想做一个有趣的项目,首先整理一下思路,如何快速爬取关键信息。并且实现自动翻页功能。
想了想用最常规的requests加上re正则表达式,BeautifulSoup用于批量爬取
import requests import re from bs4 import BeautifulSoup import pymysql
然后引入链接,注意这里有反爬虫机制,第一页必须为https://tianjin.anjuke.com/sale/,后面页必须为’https://tianjin.anjuke.com/sale/p%d/#filtersort’%page,不然会被机制检测到为爬虫,无法实现爬取。

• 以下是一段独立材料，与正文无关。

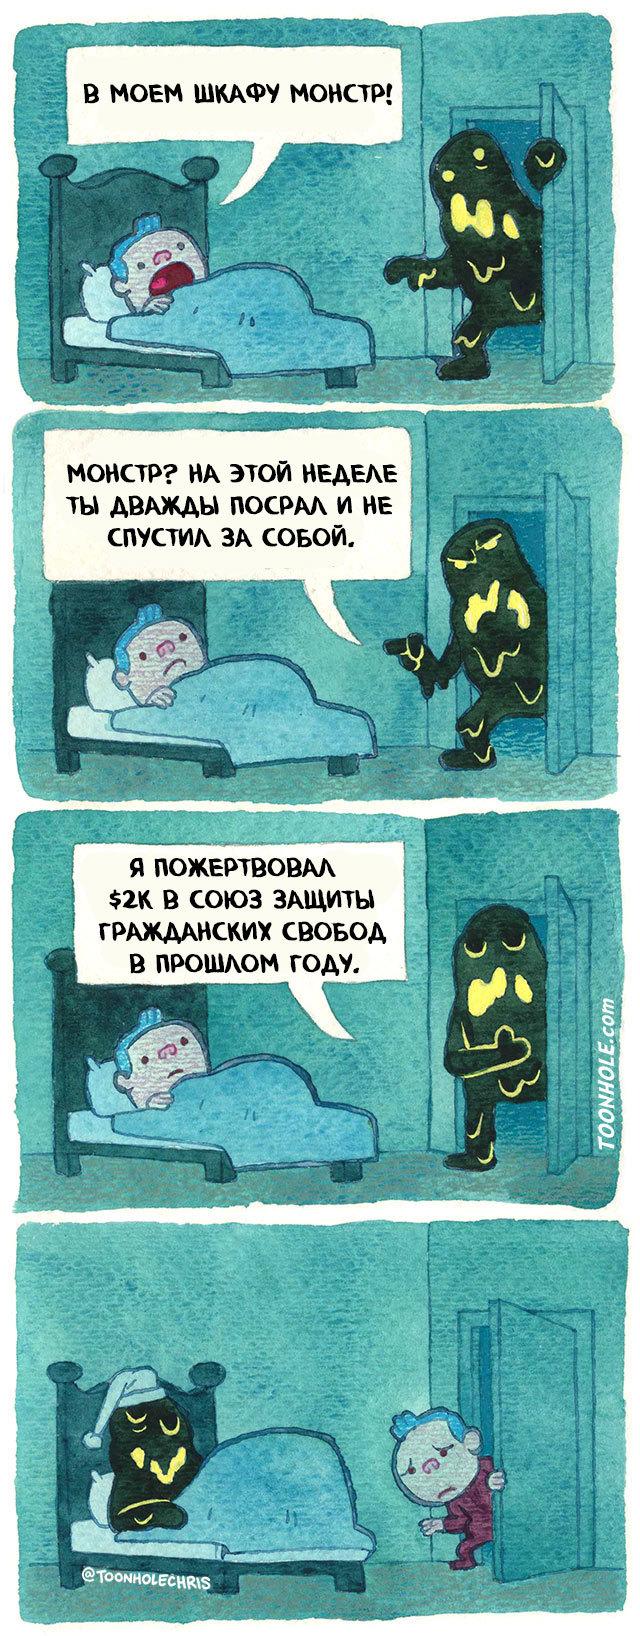 Монстр Toonhole, Монстр, Комиксы, Перевод, Achi, Длиннопост

这里实现了翻页功能。
while page < 11:
# brower.get("https://tianjin.anjuke.com/sale/p%d/#filtersort"%page)
# time.sleep(1)
print ("这是第"+str(page) +"页")
# proxy=requests.get(pool_url).text
# proxies={
# 'http': 'http://' + proxy
# }
if page==1:
url='https://tianjin.anjuke.com/sale/'
headers={
'referer': 'https://tianjin.anjuke.com/sale/',
'user-agent': 'Mozilla/5.0 (Windows NT 10.0; Win64; x64) AppleWebKit/537.36 (KHTML, like Gecko) Chrome/79.0.3945.130 Safari/537.36',
}
else:
url='https://tianjin.anjuke.com/sale/p%d/#filtersort'%page
headers={
'referer': 'https://tianjin.anjuke.com/sale/p%d/#filtersort'%page,
'user-agent': 'Mozilla/5.0 (Windows NT 10.0; Win64; x64) AppleWebKit/537.36 (KHTML, like Gecko) Chrome/79.0.3945.130 Safari/537.36',
}
# html=requests.get(url,allow_redirects=False,headers=headers,proxies=proxies)
html = requests.get(url, headers=headers)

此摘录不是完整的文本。